Mateo looked at Zayden. He saw the way the Mafia Boss's hand was shaking—just a fraction of an inch. He realized then that Zayden wasn't just protecting a "variable" anymore.
"I have the antidote formula," Mateo said suddenly, pulling a ruggedized thumb drive from his pocket. "I pulled it from the Triad's local server before I blew their comms tower. Give it to the doctors."
Zayden took the drive, his eyes meeting Mateo's. For the first time, there was a grim, mutual understanding between them. The war between the Spencers and the Ramirez families was on hold.

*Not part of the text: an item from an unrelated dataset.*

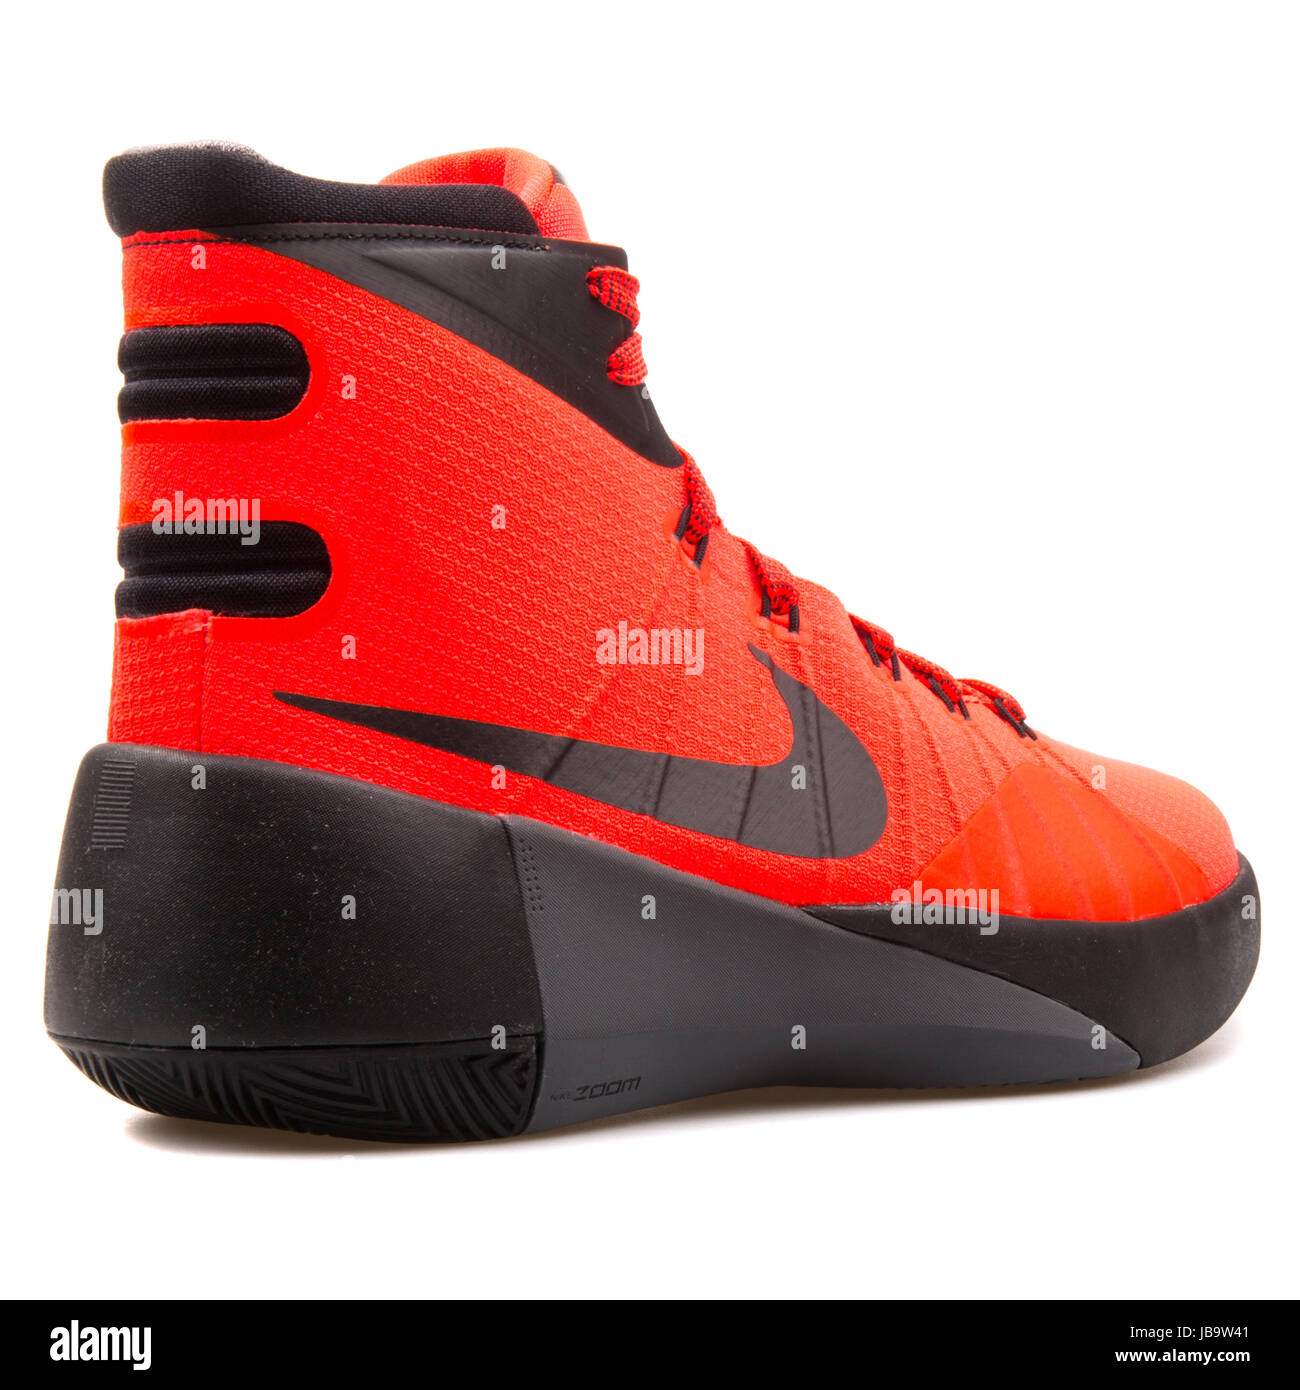 Nike Hyperdunk 2015 (GS) leuchtend roten und schwarzen Jugend  Basketball-Schuhe - 759974-600 Stockfotografie - Alamy

There was a bigger monster to hunt.
"Go home, Ramirez. Get cleaned up," Zayden said, his voice low. "I'll stay with her."
"She's my sister, Spencer."
"And she's my reason for staying sane," Zayden countered.
Mateo looked at Ysabella, then at Zayden. He nodded once, a silent surrender. He knew that in this moment, Zayden Spencer was the only thing standing between Ysabella and the darkness.
As Mateo left, Zayden walked into the trauma bay. The doctors moved aside, sensing the aura of the man who had just saved their patient. Zayden sat in the small plastic chair beside the bed. He reached out and took Ysabella's hand. It was cold, but the pulse was there—thrumming beneath her skin like a promise.
He leaned in, his lips close to her ear.
"You're going to wake up, Ysabella," he whispered, his American accent softened by a desperate tenderness. "Because I still haven't taken you to that dinner. And I still haven't told you... that I'm never letting you go."
Outside, the first light of dawn began to break over Manila. But for Zayden Spencer, the sun wouldn't rise until she opened her eyes.